**Material to process**
========

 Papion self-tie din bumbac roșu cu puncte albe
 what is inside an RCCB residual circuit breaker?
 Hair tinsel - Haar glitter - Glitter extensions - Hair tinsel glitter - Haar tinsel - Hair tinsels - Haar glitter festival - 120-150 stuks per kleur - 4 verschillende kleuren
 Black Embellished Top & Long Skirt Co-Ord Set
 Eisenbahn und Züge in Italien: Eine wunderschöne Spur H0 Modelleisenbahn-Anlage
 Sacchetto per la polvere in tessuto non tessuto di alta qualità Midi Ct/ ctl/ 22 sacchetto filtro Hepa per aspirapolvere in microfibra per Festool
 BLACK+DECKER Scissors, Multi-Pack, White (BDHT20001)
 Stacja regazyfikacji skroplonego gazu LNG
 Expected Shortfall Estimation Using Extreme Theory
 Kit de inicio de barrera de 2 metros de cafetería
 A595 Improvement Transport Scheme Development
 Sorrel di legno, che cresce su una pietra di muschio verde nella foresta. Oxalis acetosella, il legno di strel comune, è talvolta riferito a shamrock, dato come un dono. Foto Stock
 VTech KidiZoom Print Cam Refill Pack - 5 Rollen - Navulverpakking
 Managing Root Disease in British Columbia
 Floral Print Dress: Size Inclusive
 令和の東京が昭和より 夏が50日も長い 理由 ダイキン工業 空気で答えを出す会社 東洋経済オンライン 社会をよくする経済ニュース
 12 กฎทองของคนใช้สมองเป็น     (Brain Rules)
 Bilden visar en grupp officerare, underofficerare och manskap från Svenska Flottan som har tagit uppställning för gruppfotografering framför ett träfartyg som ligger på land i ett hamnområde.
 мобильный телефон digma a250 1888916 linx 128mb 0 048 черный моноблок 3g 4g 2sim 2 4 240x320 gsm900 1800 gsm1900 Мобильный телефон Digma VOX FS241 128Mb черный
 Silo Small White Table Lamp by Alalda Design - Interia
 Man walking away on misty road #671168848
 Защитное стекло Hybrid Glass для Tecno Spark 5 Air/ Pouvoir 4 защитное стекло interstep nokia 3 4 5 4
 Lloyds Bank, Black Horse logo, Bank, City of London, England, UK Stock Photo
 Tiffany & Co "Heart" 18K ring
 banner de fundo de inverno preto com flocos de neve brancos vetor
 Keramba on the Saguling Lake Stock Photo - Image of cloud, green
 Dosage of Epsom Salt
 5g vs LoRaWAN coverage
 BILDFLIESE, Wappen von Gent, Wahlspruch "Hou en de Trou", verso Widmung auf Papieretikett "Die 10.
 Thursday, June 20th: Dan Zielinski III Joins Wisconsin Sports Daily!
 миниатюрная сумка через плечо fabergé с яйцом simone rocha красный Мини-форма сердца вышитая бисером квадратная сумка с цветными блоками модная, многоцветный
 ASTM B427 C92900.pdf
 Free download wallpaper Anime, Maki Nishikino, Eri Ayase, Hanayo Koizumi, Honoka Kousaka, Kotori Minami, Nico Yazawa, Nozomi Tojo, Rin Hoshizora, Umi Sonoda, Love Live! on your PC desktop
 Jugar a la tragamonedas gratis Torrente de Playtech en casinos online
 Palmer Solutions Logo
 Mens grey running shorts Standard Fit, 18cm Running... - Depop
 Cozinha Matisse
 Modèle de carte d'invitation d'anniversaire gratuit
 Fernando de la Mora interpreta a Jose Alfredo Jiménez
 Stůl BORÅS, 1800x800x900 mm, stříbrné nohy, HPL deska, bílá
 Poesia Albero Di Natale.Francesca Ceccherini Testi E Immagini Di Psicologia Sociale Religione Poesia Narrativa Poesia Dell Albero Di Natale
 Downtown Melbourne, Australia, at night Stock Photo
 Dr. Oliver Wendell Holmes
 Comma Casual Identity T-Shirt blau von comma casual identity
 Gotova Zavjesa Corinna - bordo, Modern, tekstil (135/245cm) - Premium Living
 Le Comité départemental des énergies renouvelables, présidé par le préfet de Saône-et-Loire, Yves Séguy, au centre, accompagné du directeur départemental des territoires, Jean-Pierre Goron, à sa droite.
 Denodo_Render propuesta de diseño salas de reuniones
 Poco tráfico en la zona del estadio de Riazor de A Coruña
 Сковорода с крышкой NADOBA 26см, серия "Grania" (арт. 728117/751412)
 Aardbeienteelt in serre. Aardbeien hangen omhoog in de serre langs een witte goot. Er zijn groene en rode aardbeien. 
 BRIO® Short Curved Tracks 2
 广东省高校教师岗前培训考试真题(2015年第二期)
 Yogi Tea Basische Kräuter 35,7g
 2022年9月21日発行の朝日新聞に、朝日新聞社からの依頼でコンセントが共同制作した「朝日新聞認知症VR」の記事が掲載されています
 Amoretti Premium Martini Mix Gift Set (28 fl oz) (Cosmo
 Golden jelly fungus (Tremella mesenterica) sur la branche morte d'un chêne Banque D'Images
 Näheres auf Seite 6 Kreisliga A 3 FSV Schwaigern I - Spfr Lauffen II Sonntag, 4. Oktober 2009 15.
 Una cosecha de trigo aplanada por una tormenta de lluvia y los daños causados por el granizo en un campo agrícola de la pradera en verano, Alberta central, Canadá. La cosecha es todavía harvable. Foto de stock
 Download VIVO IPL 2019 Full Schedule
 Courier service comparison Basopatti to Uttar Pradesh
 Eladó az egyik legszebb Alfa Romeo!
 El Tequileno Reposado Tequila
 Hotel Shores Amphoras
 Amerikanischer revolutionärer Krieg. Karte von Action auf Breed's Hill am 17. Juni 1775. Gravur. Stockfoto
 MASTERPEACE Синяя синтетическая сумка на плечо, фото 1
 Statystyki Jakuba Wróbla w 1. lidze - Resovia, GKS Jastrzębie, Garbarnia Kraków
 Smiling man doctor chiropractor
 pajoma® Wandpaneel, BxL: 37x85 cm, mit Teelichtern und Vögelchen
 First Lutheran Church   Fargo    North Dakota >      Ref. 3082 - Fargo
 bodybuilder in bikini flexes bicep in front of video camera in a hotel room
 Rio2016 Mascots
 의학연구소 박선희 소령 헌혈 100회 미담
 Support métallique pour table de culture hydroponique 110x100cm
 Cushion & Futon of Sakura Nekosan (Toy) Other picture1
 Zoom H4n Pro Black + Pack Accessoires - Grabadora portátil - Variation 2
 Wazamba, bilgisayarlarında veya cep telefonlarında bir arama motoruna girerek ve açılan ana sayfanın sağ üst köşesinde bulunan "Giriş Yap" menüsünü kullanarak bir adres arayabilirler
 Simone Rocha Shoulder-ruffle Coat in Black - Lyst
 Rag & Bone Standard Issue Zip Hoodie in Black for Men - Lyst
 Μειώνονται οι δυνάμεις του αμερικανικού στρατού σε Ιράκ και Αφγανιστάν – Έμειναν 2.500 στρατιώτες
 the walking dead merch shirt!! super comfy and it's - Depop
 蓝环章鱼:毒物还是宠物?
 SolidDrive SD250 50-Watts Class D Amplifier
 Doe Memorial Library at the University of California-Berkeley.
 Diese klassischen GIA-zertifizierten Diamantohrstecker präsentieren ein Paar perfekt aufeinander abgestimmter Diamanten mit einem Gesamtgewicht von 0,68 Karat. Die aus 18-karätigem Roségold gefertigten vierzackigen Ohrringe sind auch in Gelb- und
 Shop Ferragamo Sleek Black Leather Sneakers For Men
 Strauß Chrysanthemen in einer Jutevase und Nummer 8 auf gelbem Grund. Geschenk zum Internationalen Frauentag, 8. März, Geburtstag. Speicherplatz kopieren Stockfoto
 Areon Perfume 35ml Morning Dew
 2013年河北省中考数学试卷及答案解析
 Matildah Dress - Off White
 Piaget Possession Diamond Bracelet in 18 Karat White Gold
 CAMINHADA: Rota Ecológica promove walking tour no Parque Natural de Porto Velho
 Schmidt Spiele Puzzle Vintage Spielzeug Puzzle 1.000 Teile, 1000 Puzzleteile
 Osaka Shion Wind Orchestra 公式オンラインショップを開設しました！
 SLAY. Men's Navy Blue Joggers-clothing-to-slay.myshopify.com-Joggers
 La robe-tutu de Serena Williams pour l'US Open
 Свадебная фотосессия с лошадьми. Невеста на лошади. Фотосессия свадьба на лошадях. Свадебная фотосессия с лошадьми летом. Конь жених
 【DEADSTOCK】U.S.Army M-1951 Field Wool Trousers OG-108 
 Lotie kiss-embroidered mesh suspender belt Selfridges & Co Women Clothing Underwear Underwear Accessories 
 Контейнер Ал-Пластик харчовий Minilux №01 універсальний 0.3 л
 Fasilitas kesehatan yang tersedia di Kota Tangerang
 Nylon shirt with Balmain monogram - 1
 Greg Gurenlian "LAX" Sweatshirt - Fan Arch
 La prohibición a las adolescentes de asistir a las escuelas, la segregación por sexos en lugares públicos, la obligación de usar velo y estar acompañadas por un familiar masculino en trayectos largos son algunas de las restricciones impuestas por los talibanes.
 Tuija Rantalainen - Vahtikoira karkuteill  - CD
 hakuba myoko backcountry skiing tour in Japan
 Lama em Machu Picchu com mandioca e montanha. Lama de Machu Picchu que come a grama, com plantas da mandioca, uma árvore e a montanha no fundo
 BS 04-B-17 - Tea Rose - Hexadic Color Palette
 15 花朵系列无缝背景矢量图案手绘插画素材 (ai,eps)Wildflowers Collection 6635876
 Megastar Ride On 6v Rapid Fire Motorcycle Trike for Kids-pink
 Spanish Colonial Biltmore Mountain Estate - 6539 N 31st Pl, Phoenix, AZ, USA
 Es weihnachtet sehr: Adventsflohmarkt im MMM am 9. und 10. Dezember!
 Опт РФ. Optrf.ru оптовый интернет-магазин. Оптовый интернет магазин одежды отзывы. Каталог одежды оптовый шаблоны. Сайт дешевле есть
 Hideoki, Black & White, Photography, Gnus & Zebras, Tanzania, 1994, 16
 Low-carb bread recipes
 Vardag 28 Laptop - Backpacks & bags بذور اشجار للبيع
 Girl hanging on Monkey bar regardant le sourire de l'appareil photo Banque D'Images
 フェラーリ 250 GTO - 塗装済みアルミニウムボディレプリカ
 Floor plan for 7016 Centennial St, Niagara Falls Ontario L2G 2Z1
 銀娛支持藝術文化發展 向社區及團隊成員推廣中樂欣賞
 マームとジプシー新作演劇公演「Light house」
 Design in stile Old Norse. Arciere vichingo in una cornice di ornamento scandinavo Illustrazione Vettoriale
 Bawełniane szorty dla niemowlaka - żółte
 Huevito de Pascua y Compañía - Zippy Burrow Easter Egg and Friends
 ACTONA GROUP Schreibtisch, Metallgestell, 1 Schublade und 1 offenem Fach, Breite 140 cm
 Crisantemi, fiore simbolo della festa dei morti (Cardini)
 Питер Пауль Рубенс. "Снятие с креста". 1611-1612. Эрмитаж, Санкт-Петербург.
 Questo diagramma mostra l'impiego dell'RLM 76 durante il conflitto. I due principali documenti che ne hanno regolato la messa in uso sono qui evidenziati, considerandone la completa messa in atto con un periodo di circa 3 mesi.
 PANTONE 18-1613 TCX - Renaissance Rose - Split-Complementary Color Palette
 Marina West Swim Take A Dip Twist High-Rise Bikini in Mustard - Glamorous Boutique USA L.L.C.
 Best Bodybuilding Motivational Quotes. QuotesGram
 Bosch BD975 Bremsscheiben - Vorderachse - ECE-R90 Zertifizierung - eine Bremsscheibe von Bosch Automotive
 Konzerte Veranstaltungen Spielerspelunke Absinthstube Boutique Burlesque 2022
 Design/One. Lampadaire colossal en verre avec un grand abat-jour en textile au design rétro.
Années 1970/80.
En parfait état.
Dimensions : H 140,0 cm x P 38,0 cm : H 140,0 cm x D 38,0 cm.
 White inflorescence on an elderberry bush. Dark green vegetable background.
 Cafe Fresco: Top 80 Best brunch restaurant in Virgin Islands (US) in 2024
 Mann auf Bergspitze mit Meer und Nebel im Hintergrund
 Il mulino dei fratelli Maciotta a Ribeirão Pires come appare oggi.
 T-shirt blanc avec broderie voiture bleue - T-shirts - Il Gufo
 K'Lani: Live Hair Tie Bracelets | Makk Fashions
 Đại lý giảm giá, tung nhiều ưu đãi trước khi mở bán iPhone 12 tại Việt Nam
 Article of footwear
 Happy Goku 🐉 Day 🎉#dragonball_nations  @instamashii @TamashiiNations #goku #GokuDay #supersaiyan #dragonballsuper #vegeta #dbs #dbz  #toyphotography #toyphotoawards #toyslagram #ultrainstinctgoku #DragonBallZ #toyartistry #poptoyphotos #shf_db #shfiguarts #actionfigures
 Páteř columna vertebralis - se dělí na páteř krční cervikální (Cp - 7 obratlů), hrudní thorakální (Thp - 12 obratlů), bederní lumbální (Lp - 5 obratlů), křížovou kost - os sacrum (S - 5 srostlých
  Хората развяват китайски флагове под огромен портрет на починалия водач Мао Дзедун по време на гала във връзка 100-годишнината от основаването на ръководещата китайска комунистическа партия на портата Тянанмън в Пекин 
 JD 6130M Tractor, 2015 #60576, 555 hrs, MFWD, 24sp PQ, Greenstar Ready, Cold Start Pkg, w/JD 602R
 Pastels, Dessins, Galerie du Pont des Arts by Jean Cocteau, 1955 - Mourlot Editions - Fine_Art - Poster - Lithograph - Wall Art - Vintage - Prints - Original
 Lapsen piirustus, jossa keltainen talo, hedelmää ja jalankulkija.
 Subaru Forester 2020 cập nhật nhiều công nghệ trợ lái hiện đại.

========

**Assignment**
Above are the lines; repeat exactly the ones from the line containing "the walking dead" down to the line containing "Sweatshirt - Fan Arch", both inclusive.

**Exercise response**
 the walking dead merch shirt!! super comfy and it's - Depop
 蓝环章鱼:毒物还是宠物?
 SolidDrive SD250 50-Watts Class D Amplifier
 Doe Memorial Library at the University of California-Berkeley.
 Diese klassischen GIA-zertifizierten Diamantohrstecker präsentieren ein Paar perfekt aufeinander abgestimmter Diamanten mit einem Gesamtgewicht von 0,68 Karat. Die aus 18-karätigem Roségold gefertigten vierzackigen Ohrringe sind auch in Gelb- und
 Shop Ferragamo Sleek Black Leather Sneakers For Men
 Strauß Chrysanthemen in einer Jutevase und Nummer 8 auf gelbem Grund. Geschenk zum Internationalen Frauentag, 8. März, Geburtstag. Speicherplatz kopieren Stockfoto
 Areon Perfume 35ml Morning Dew
 2013年河北省中考数学试卷及答案解析
 Matildah Dress - Off White
 Piaget Possession Diamond Bracelet in 18 Karat White Gold
 CAMINHADA: Rota Ecológica promove walking tour no Parque Natural de Porto Velho
 Schmidt Spiele Puzzle Vintage Spielzeug Puzzle 1.000 Teile, 1000 Puzzleteile
 Osaka Shion Wind Orchestra 公式オンラインショップを開設しました！
 SLAY. Men's Navy Blue Joggers-clothing-to-slay.myshopify.com-Joggers
 La robe-tutu de Serena Williams pour l'US Open
 Свадебная фотосессия с лошадьми. Невеста на лошади. Фотосессия свадьба на лошадях. Свадебная фотосессия с лошадьми летом. Конь жених
 【DEADSTOCK】U.S.Army M-1951 Field Wool Trousers OG-108 
 Lotie kiss-embroidered mesh suspender belt Selfridges & Co Women Clothing Underwear Underwear Accessories 
 Контейнер Ал-Пластик харчовий Minilux №01 універсальний 0.3 л
 Fasilitas kesehatan yang tersedia di Kota Tangerang
 Nylon shirt with Balmain monogram - 1
 Greg Gurenlian "LAX" Sweatshirt - Fan Arch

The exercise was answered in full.